Ia menyingkirkan dengan pelan kepala Lovi dan meletakkannya di atas bantal. Ia mengecup bibir Lovi.
"Lov, Bangunlah. Ini sudah pagi," bisiknya di telinga Lovi. Tangannya menjelajahi wajah cantik Lovi pagi ini. Sekali lagi, Ia mengecup bibir itu.
Lovi hanya bergumam lalu membelakangi Devan. Devan tak ingin menyerah membangunkan Lovi namun suara Rena yang mengetuk pintu kamarnya berhasil membuat Devan mengalihkan perhatiannya.

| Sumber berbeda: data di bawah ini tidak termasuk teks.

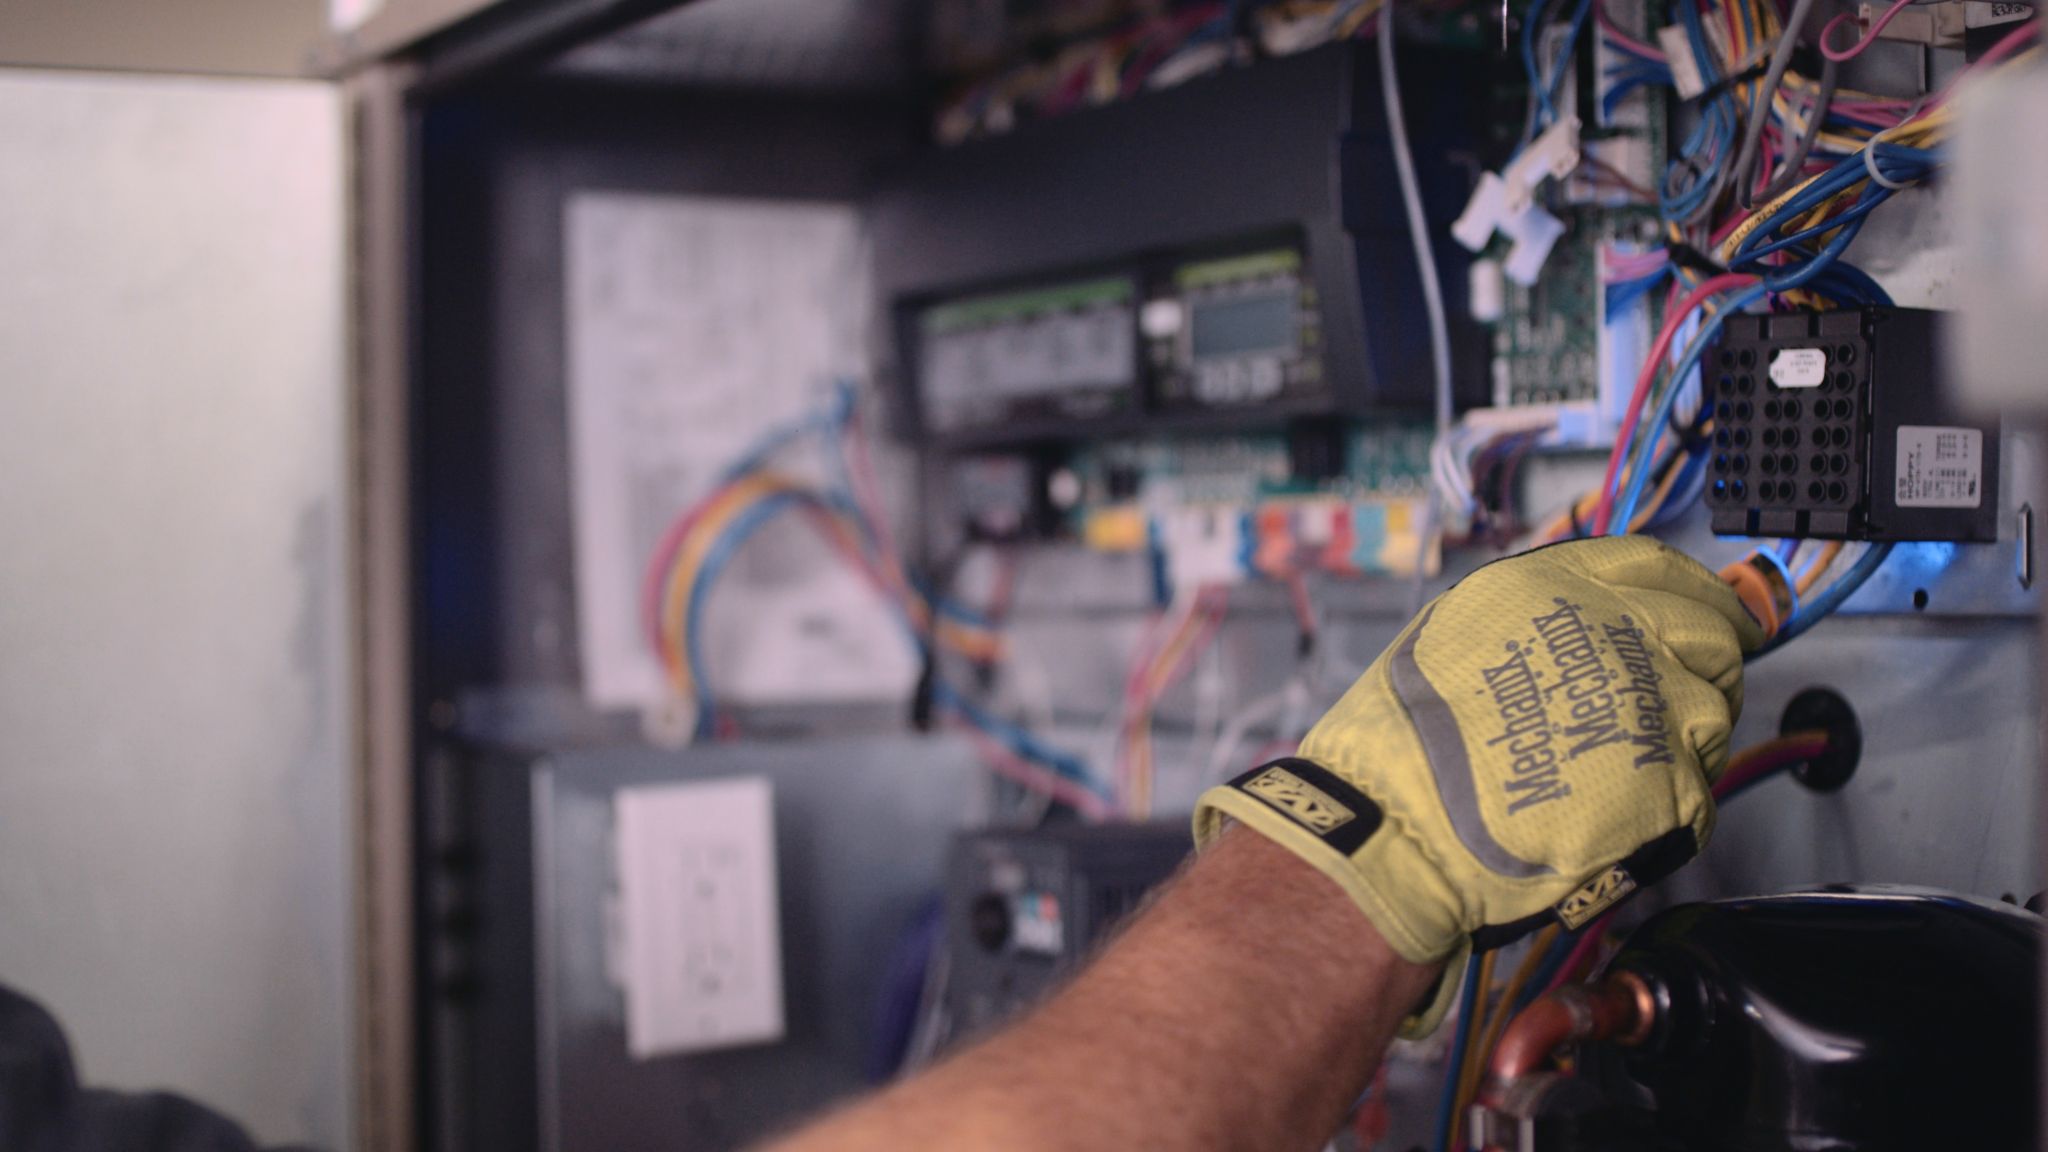 Closeup side profile of a man wearing a yellow glove working with electronics in a container

"Devan, kenapa kamu belum turun?" seru Rena dari luar.
Devan langsung bangkit dari ranjang untuk membuka pintu. Rena menatapnya dari atas hingga bawah.
"Kamu baru bangun?" tanya Rena pada Putranya.
Hubungan mereka sudah kembali membaik. Tak ada lagi situasi canggung diantara Devan dan Rena. Devan tidak bisa menyalahi takdir. Mengetahui masa lalu Rena membuat Devan belajar, bahwa tidak semua manusia yang Ia anggap buruk selamanya menjadi buruk. Buktinya, Lovi bisa membuat hatinya luluh. Gadis yang dulu masuk kedalam daftar 'orang paling dibencinya' kini beralih menjadi sosok malaikat untuk Devan.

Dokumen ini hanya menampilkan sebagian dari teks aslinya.